Note that the image here isn’t from the AI project, it’s from actual Doom. Their own screenshots have weird glitches including a hit splat that looks like a butt in the image I’ve seen closest to this one.

And when they say they’ve “run the game” they do not mean that there was a playable version that was publicly compared to the original. Rather they released short video clips of alleged gameplay and had their evaluators try to identify if they were from the AI recreation or from actual Doom.

Even by the abysmal standards of generative AI projects this is a hell of a grift.

harsh3466 ,

Correct me if I’m wrong, but doesn’t there have to be a code layer somewhere in there?

It’s like all those “no code” platforms that just obscure away the actual coding via a gui and blocks/elements/whataver.

hasnt_seen_goonies ,

In this case, no. This is just interpreting what the next frame should be by the previous one. Like how the sora videos work, but with input.

Virkkunen ,
@Virkkunen@fedia.io avatar

So then the code is to make the AI generate images and take input

CheeseNoodle ,

I really hope this doesn’t catch on, Games are already horifically inefficient, imagine if we started making them like this and a 4090 becomes the minnimum system requirement for goddamn DOOM.

SnotFlickerman , (edited )
@SnotFlickerman@lemmy.blahaj.zone avatar

An AI-generated recreation of the classic computer game Doom can be played normally despite having no computer code or graphics.

After this period, the model begins to run out of memory and the illusion falls apart.

Why are we lying about this? Just because it happens in the AI “black box” doesn’t mean it’s not producing some kind of code in the background to make this work. They even admit that it “runs out of memory.” Huh, last I checked, you’d need to be running code to use memory. The AI itself is made of code!

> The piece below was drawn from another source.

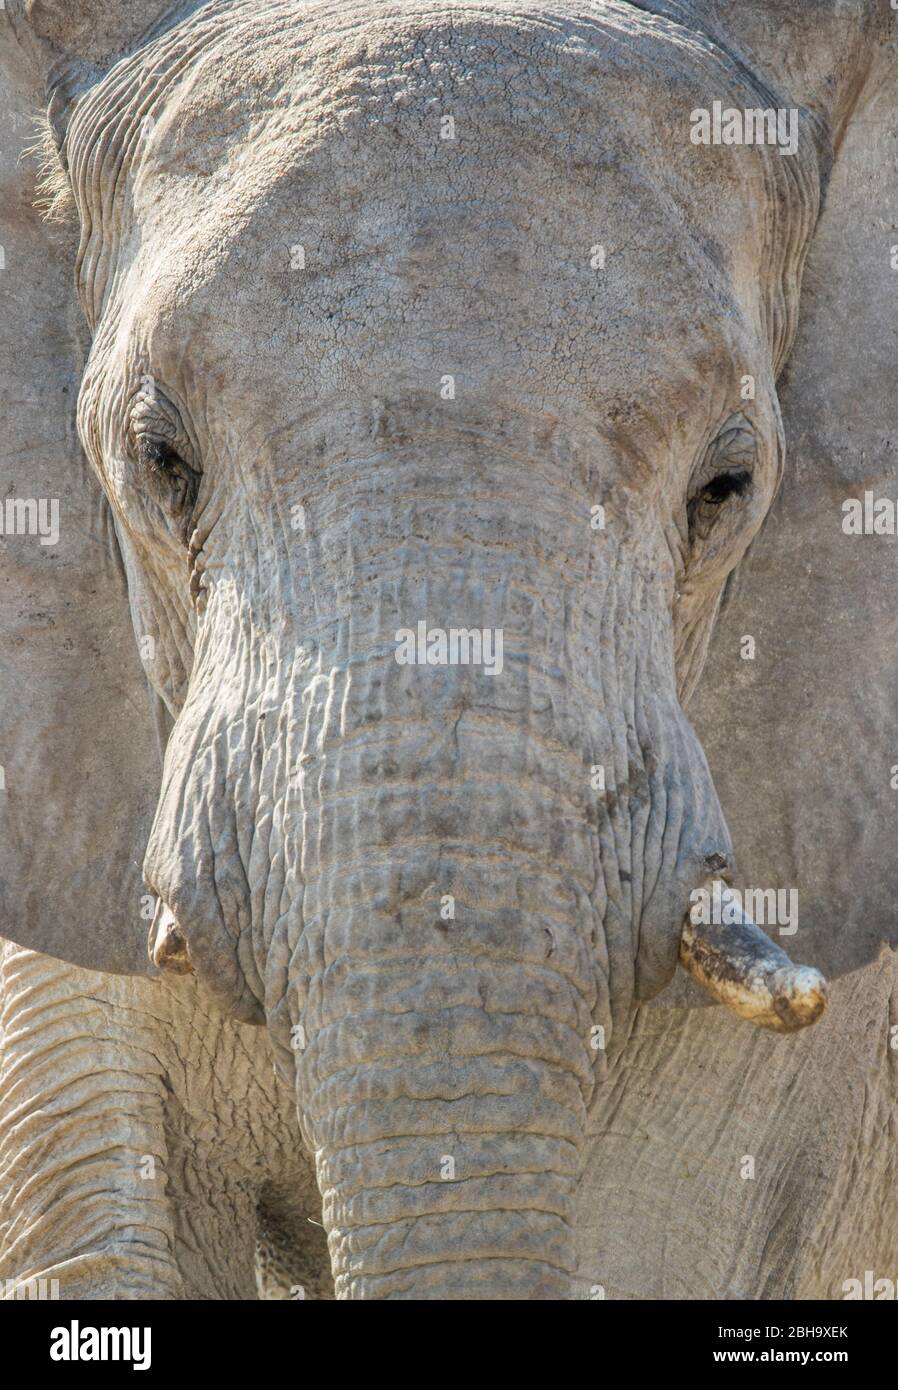 Close up of Elephants head, Etosha National Park, Namibia, Africa Stock Photo

No computer code or graphics, my ass.

The model, called GameNGen, was made by Dani Valevski at Google Research and his colleagues, who declined to speak to New Scientist.

Always a good look. /s

xionzui ,

I mean, yes, technically you build and run AI models using code. The point is there is no code defining the game logic or graphical rendering. It’s all statistical predictions of what should happen next in a game of doom by a neural network. The entirety of the game itself is learned weights within the model. Nobody coded any part of the actual game. No code was generated to run the game. It’s entirely represented within the model.

huginn ,

What they’ve done is flattened and encoded every aspect of the doom game into the model which lets you play a very limited amount just by traversing the latent space.

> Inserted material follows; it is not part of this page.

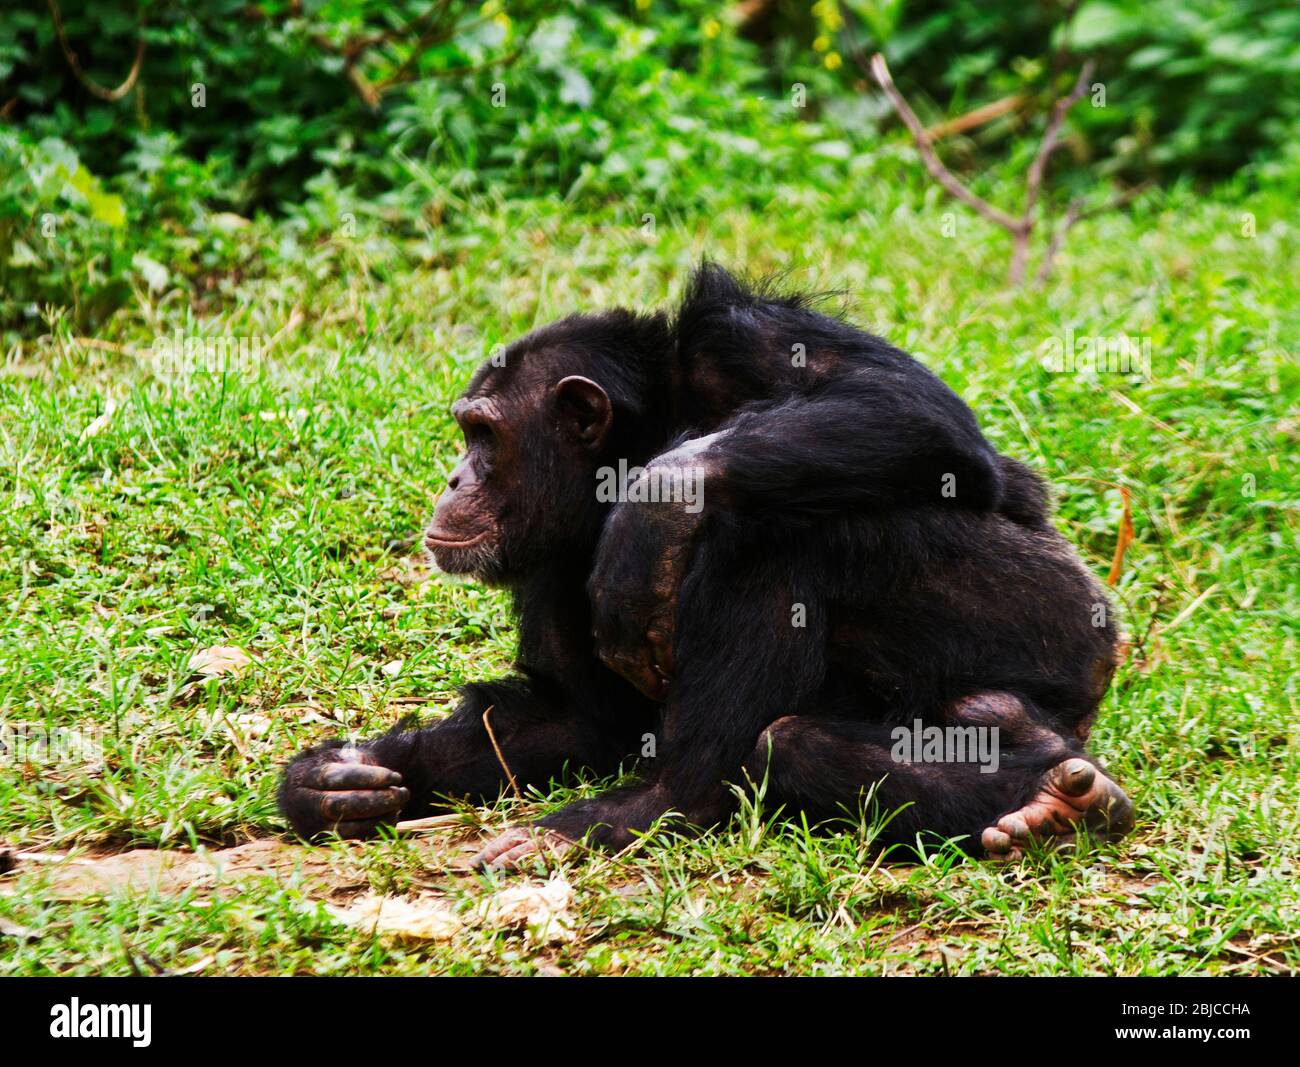 Ein reifer Rüde Chimpanzee entspannt sich während einer Siesta während der Hitze des Tages. Männchen sind immer wachsam und bereit, die Weibchen und Jungen zu schützen Stockfoto

In a tiny and linear game like Doom that’s feasible… And a horrendous use of resources.

bamboo ,

“No code” programming has been a thing for a while, long before the LLM boom. Of course all the “no code” platforms generate some kind of code based on rules provided by the user, not fundamentally different from an interpreter. This is consistent with that established terminology.

Blue_Morpho ,

No code programming meant using a GUI to draw flowcharts that then creates running code. This is completely different.

cdf12345 ,

Maybe they should have specified , the Doom Source Code

Blue_Morpho ,

Imagine you are shown what Doom looks like, are told what the player does, and then you draw the frames of what you think it should look like. While your brain is a computation device, you aren’t explicitly running a program. You are guessing what the drawings should look like based on previous games of Doom that you have watched.